For the defendant Lonzell Stone
Investigator Thomas Quinn, Chicago Police Department
He was assigned to investigate the murder at the Kar-Life Battery Shop on February 20, 1976. During the course of his investigation, he interviewed Terrence Watson. Watson told him that he ran to the window of the battery shop after he heard the gun shots. Based on his interviews with people at the scene, he filed a police report containing descriptions of the two offenders. The driver was described as wearing a green leather coat with white fur trim on the collar, cuffs and bottom. According to the report, Terrence Watson saw the man with the green coat standing over the body of David Thomas. The man’s lip was cut.
*616Defendant Stone and the People agreed by stipulation to the following facts. On February 22, 1976, Clifford Lawrence told Rosalind Patterson that he was a friend of the man who was killed at the battery shop, and that it was a shame he was killed. Terrence Watson testified before the grand jury that he went to the window of the battery shop after he heard the gun shots.
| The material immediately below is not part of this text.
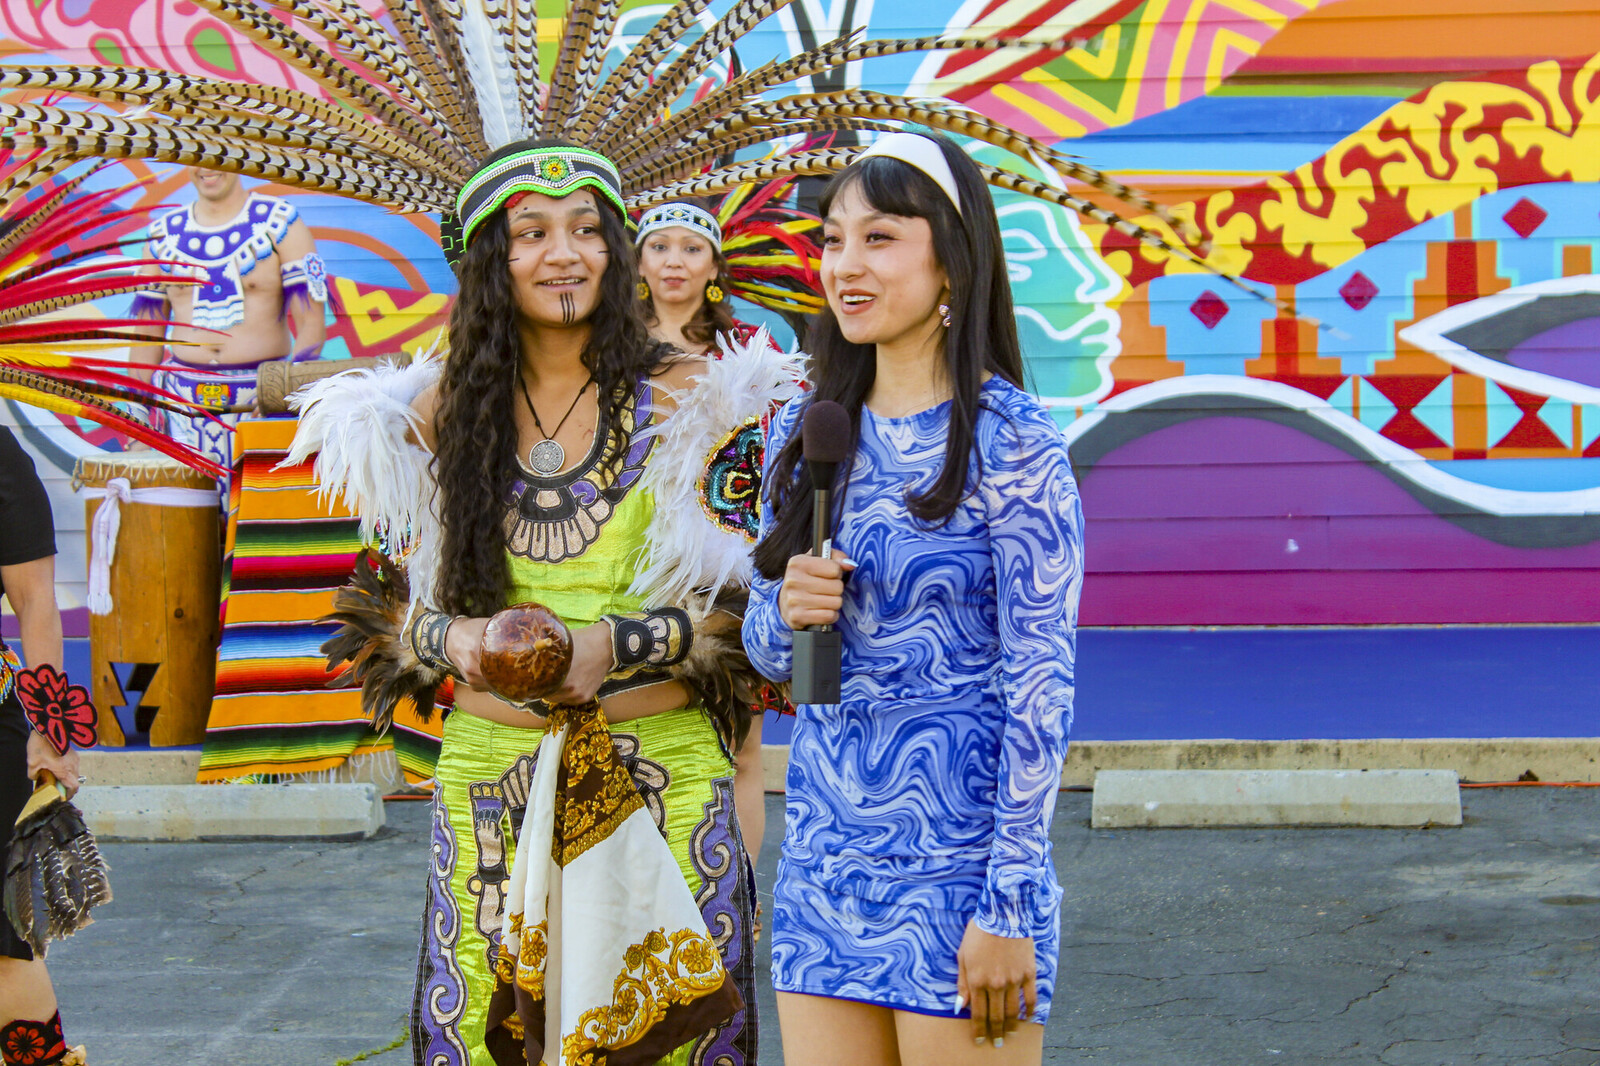 An artist speaking at a mural unveiling with dancers in indigenous costumes

On appeal Stone contends that: (1) he was denied his statutory right to a speedy trial; (2) the evidence was insufficient to sustain the convictions for armed robbery; (3) he was not proved guilty beyond a reasonable doubt; (4) the judgment against him must be modified to conform to the jury’s verdicts against defendant McTush; and (5) his sentence was excessive.
With the goal of clarity in mind, we will first discuss the contentions raised by McTush and then turn to the contentions raised by Stone.
Defendant McTush first contends that the suppression hearing was conducted improperly and as a result, he was identified in court by Terrence Watson. More specifically, he maintains the trial court improperly placed the burden of proving an independent origin for Terrence Watson’s identification on him rather than the State. Additionally, he contends no evidence was elicited as to Watson’s opportunity to observe the crime and his previous variant descriptions of the criminals to the police.
The State’s response initially is that defendant has waived this error by failure to allege it with specificity in his motion for a new trial. The general rule is that failure to allege errors specifically in the motion for a new trial constitutes a waiver of those issues. (People v. Donnenfeld (1978), 62 Ill. App. 3d 991, 379 N.E.2d 710.) The purpose of this rule is to provide the trial court an opportunity to correct alleged errors and to give the reviewing court the benefit of the trial court’s judgment. (People v. Irwin (1965), 32 Ill. 2d 441, 207 N.E.2d 76.) Where the issues have in fact been brought to the attention of the trial court, ruled on by the trial court, and involved the potential of substantial prejudice to the defendant; the rule of waiver may be relaxed, in the discretion of the reviewing court, to decide the issue on its merits. People v. Gray (1977), 47 Ill. App. 3d 1026, 365 N.E.2d 501.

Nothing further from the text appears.